PROBLEM STATEMENT:
Below are entries with pictures among them; reproduce exactly, and only, the lines from the one containing "Coloured drawing of" down to the one containing "LaTonya Johnson stands", without the pictures.

INPUT MATERIAL:
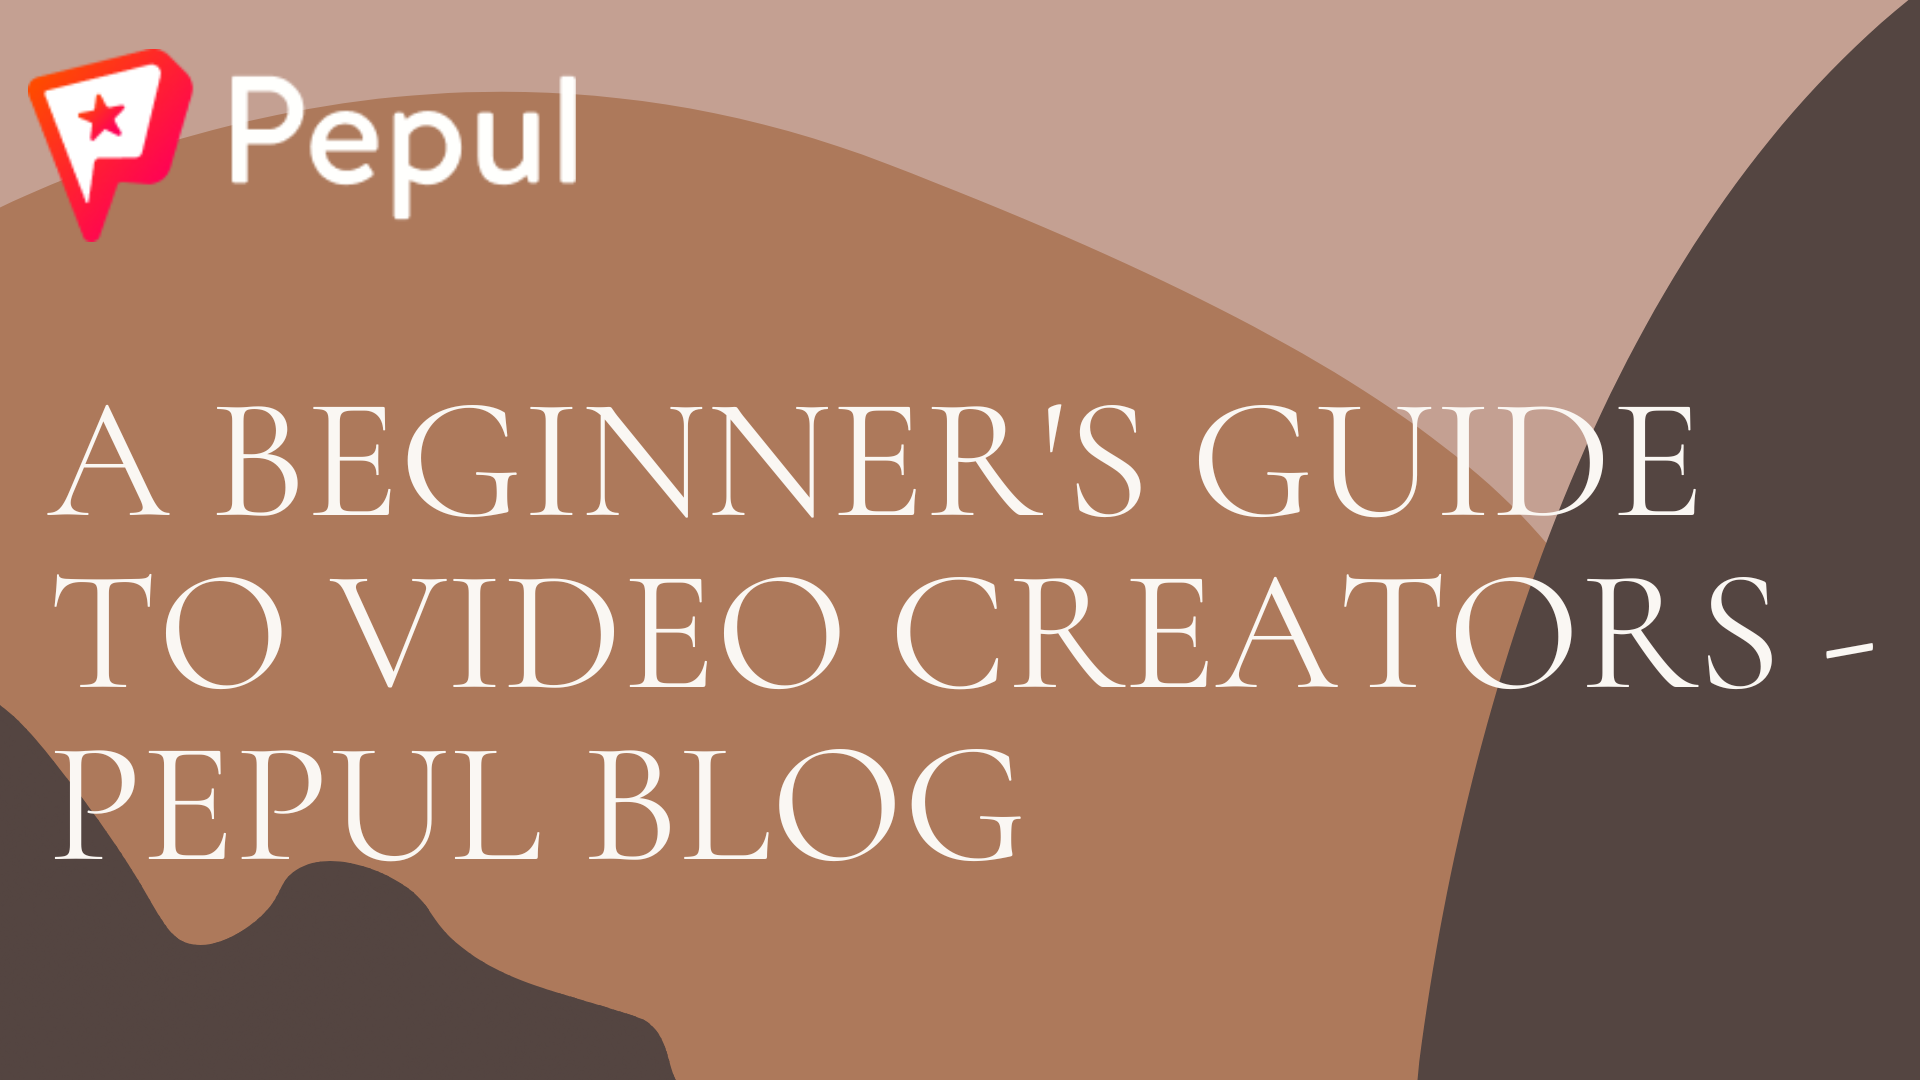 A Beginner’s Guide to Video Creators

* * *

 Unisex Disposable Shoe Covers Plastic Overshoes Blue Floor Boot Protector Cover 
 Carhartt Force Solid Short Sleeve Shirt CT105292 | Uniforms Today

...

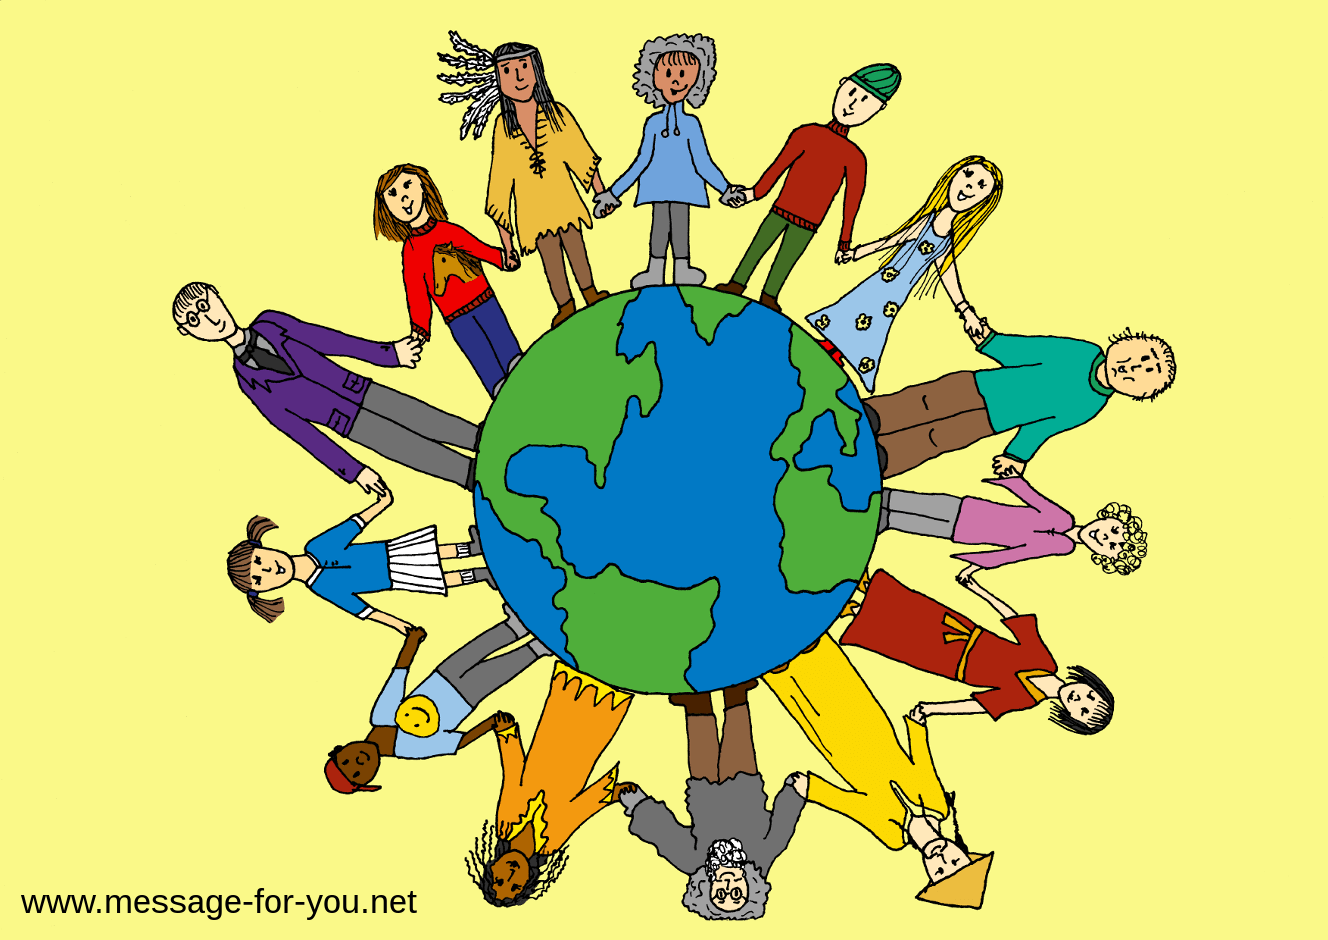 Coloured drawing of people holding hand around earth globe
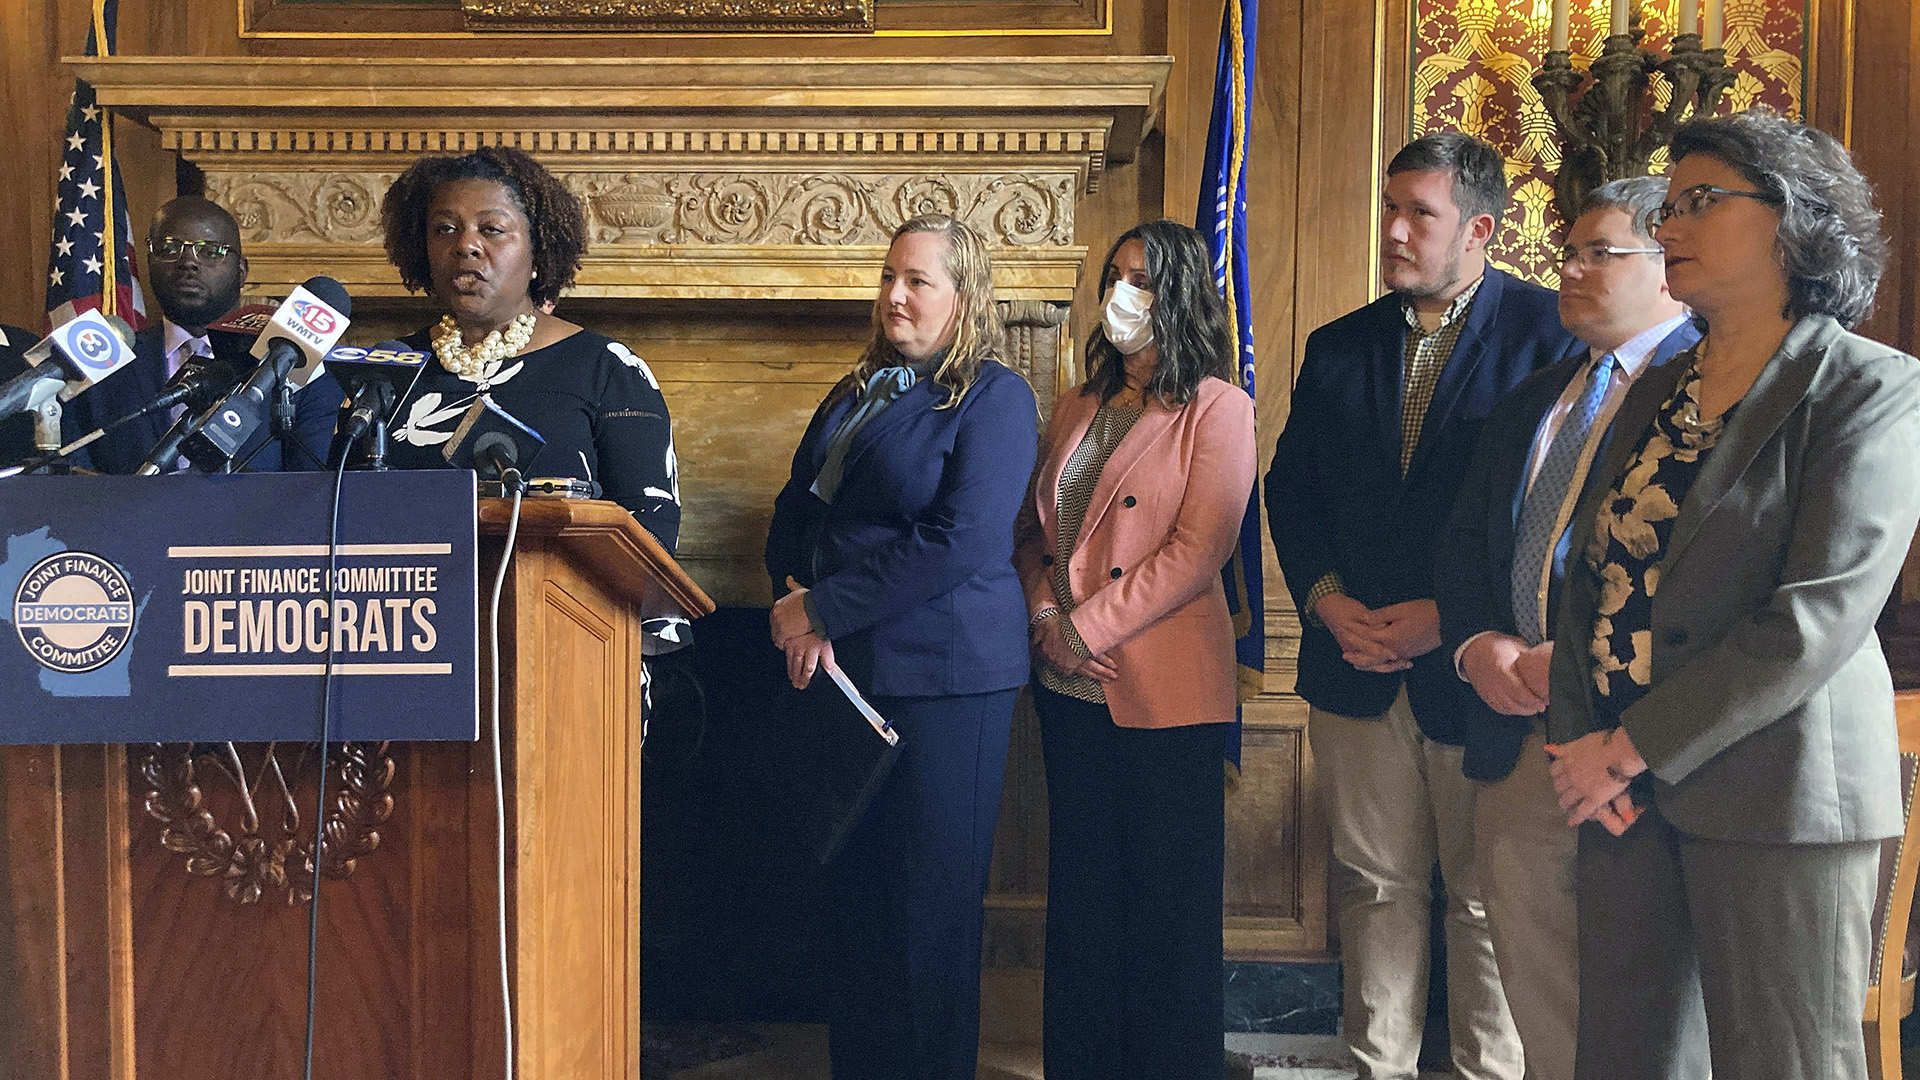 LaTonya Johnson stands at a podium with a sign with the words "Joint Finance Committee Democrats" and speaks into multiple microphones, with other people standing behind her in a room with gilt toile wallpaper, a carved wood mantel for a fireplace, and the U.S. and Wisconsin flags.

RESULT OF THIS TASK:
 Coloured drawing of people holding hand around earth globe
 LaTonya Johnson stands at a podium with a sign with the words "Joint Finance Committee Democrats" and speaks into multiple microphones, with other people standing behind her in a room with gilt toile wallpaper, a carved wood mantel for a fireplace, and the U.S. and Wisconsin flags.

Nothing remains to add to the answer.